Monday, October 19, 2009

Lawmakers discuss potential changes to the State's Public Retirement System by Robyn Ekings

An expert in public employee retirement systems told legislators today that changing the way the state operates public pension plans will discourage public service in some of the most critical areas of Louisiana government.

The comments came during a joint meeting in Baton Rouge of the House and Senate Committees on Retirement. The panel is reviewing a study resolution by House Speaker Jim Tucker, which seeks to find out if the state should establish a defined contribution plan, in place of the current defined benefit plan, for all new employees hired on or after July 1, 2010.

The defined benefit plan constitutionally guarantees lifelong benefits for state employees.

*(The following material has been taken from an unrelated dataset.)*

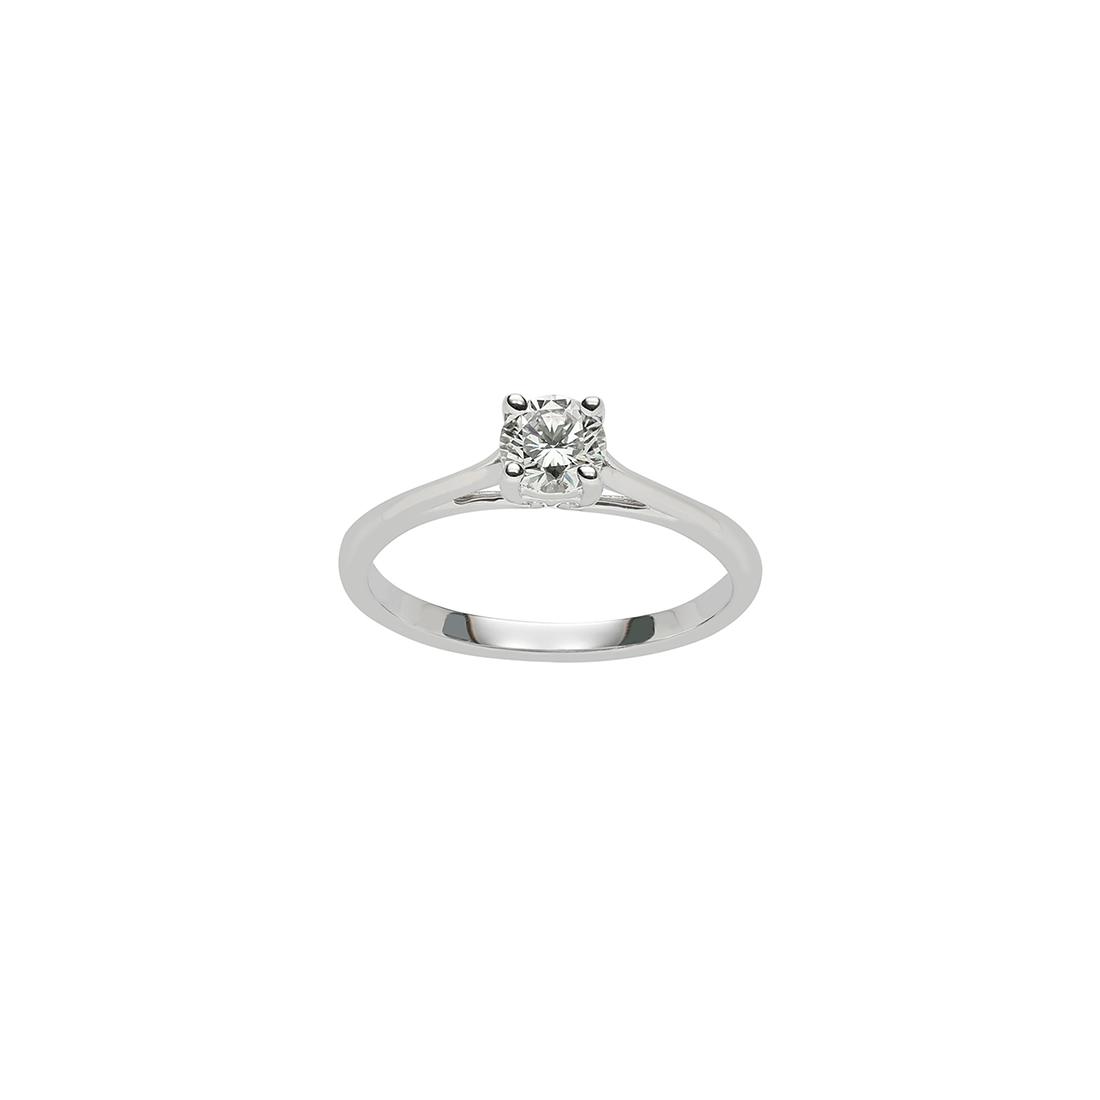 Fink's Exclusive 14K White Gold Solitaire Diamond Cathedral Engagement Ring

Benefits are managed by the retirement systems. Defined contribution plans generally require employees to manage their own investments, and supporters say they are a more cost effective way for the state to offer retirement benefits.

“As the primary form of retirement for those who build our roads, keep us safe, and teach our kids, it’s not the way to go.” Attorney Robert Klausner told committee members, “Nearly every state that’s gone to a mandatory defined contribution plan has come back.” Klausner added that several of the states that shifted from a defined benefit plan, like Alaska, West Virginia, and Nebraska, faced serious challenges recruiting law enforcement workers and teachers.

At the opening of the hearing, Speaker Tucker asked legislators to have “a candid discussion” about the issue, adding “we’re not trying to throw anyone from the train.” Tucker says he is worried that the combined debt of the retirement systems will be even more difficult for the state to shoulder in coming years.

Cindy Rougeou, Executive Director of the Louisiana State Employees Retirement System (LASERS) points out that state workers who are in the defined benefit plan do not receive social security, adding that “the protections contained in the benefit are especially important in a volatile economy. What we don’t want is a generation of seniors who are forced to rely on public assistance.”